- Data extract -
--------------------------------

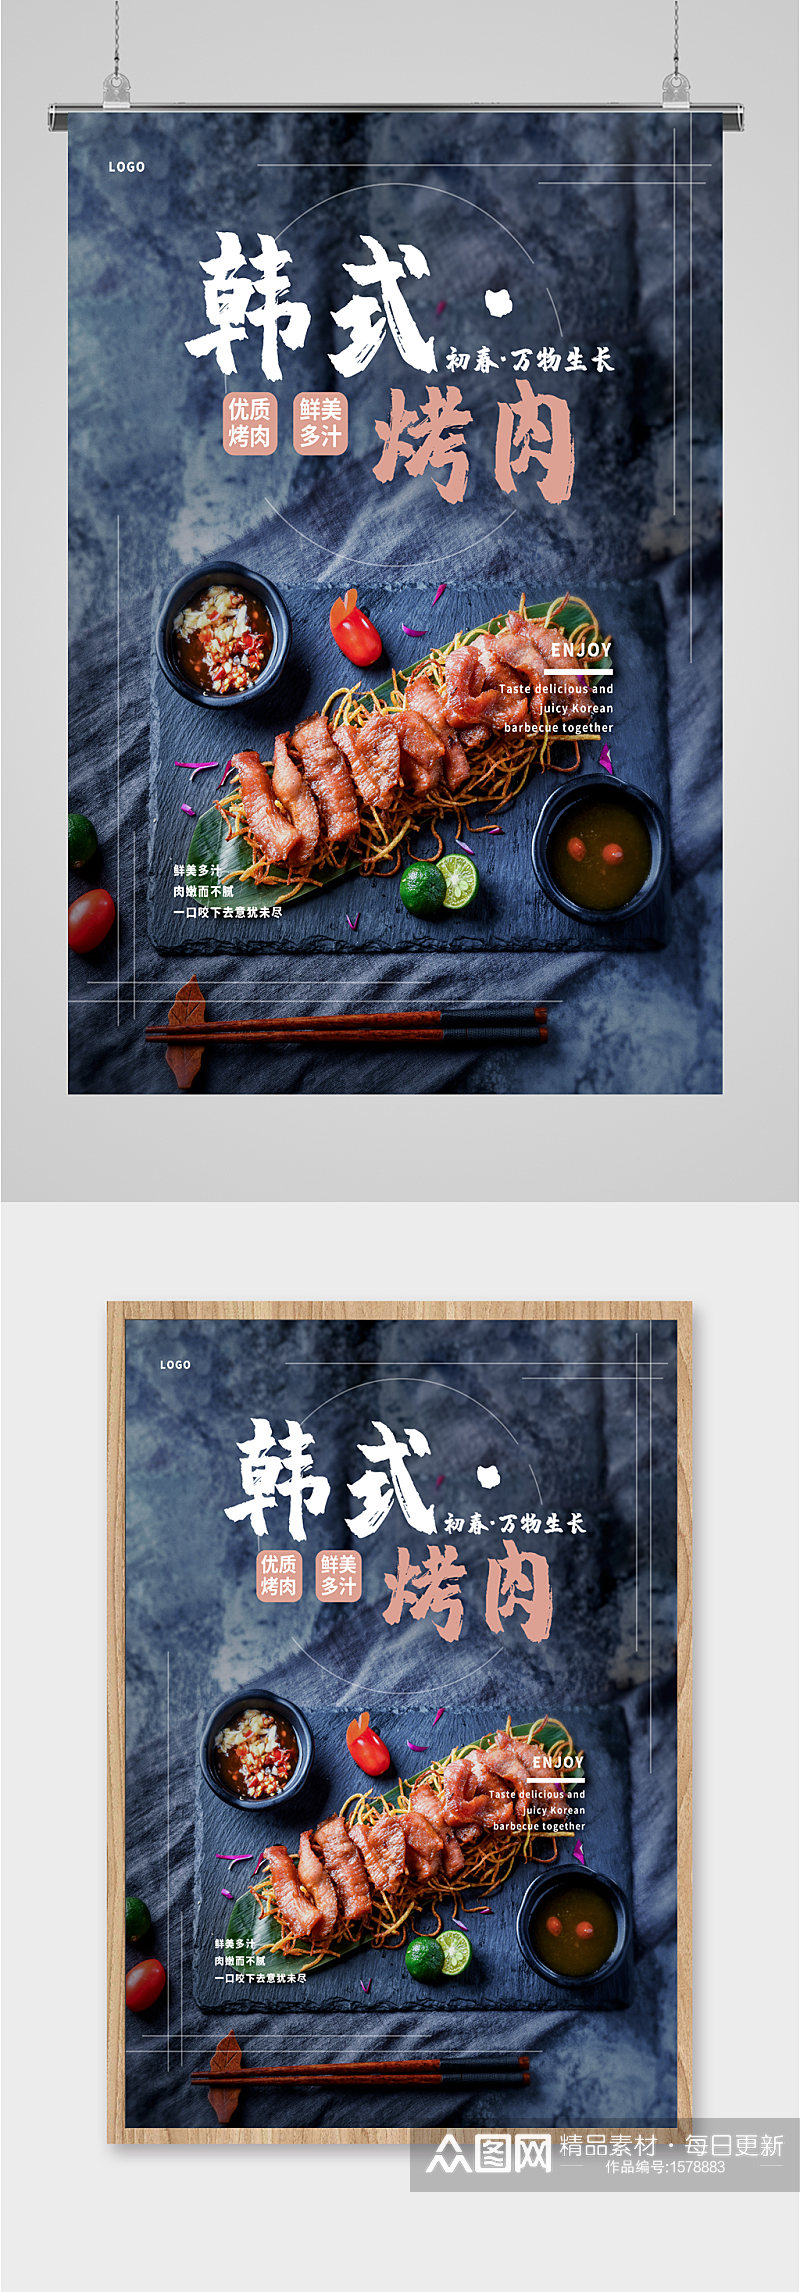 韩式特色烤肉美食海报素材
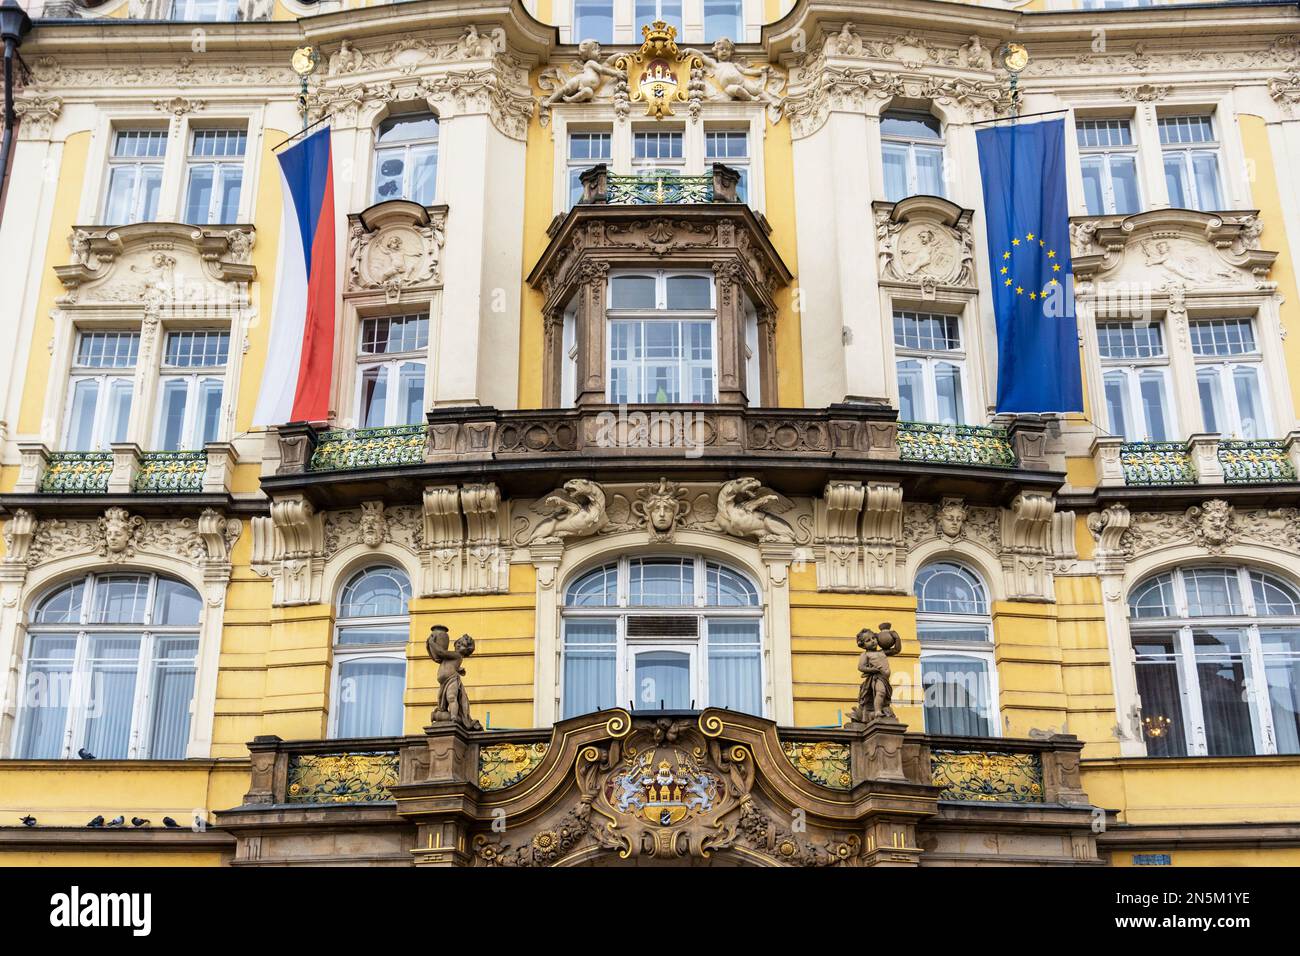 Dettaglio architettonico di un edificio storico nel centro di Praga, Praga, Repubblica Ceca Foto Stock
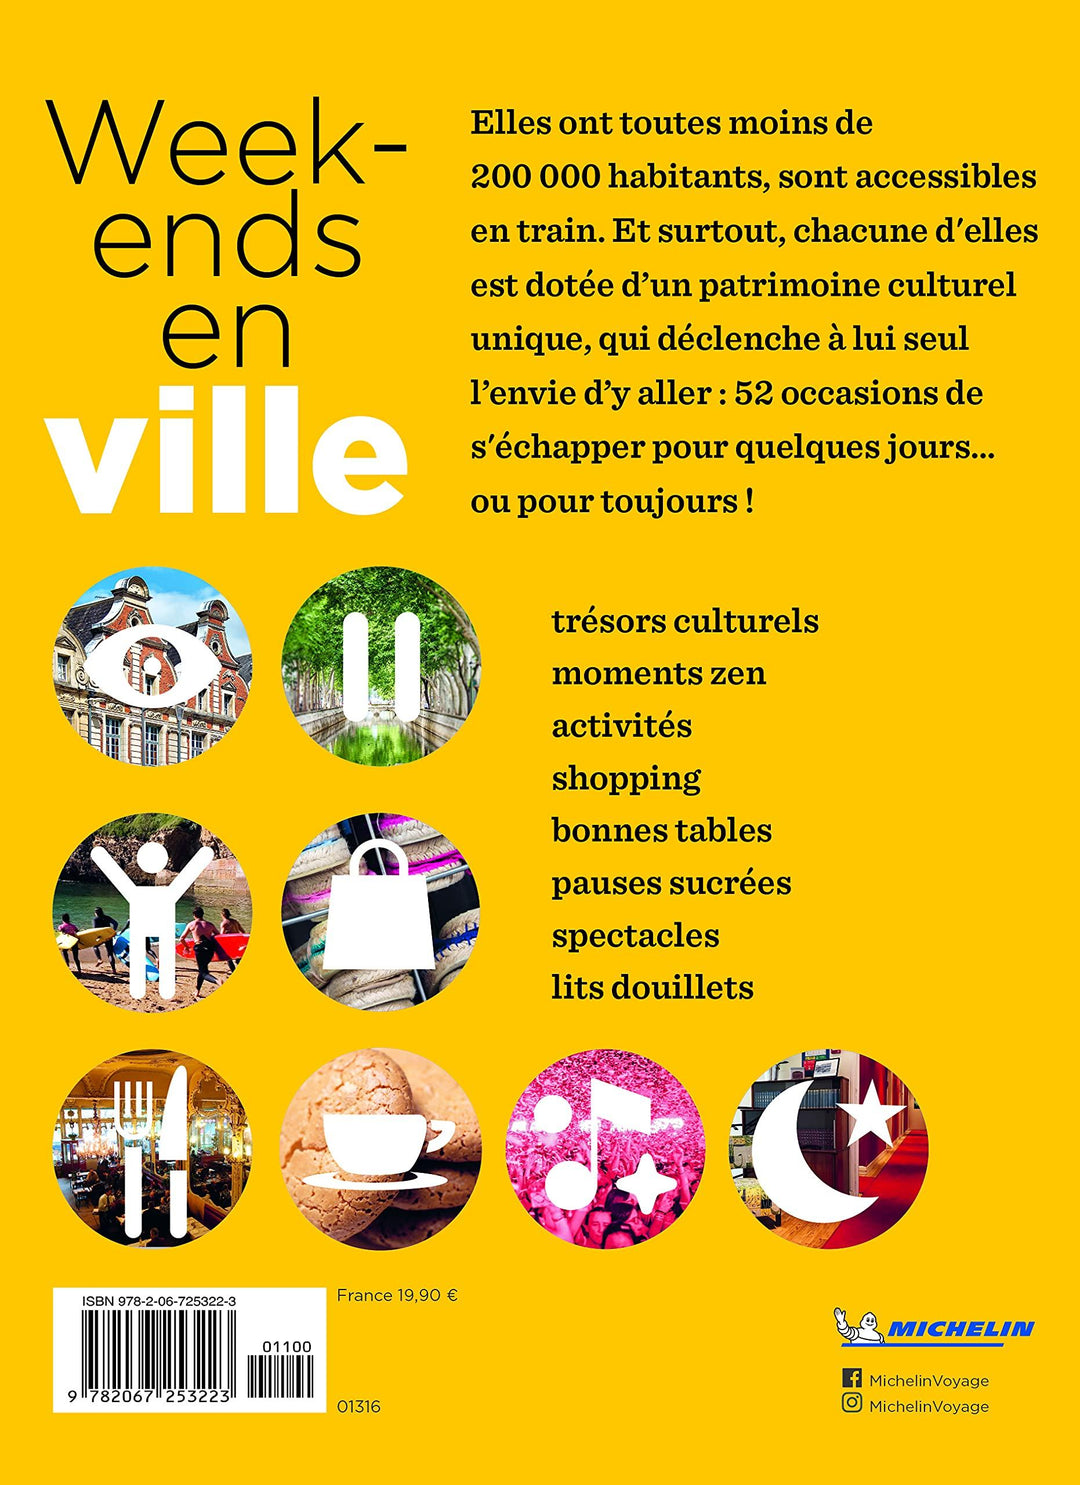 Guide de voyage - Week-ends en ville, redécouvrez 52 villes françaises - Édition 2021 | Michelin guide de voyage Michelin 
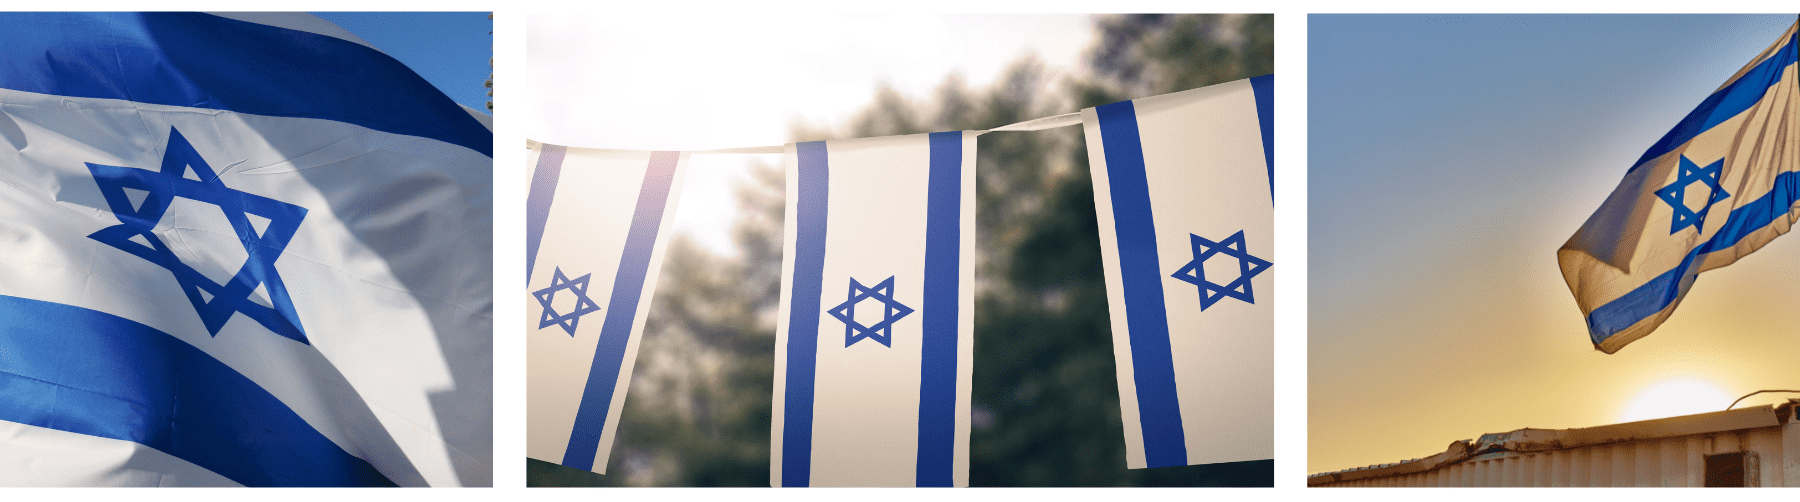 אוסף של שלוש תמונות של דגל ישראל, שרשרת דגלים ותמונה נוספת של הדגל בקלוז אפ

--------------------------------

- About this task -
Any picture in the listing is to be omitted. Return exactly the lines from the one containing "Guide de voyage - Week-ends" through its last line, both included, and only those.

- Response to the task -
 Guide de voyage - Week-ends en ville, redécouvrez 52 villes françaises - Édition 2021 | Michelin guide de voyage Michelin 
 אוסף של שלוש תמונות של דגל ישראל, שרשרת דגלים ותמונה נוספת של הדגל בקלוז אפ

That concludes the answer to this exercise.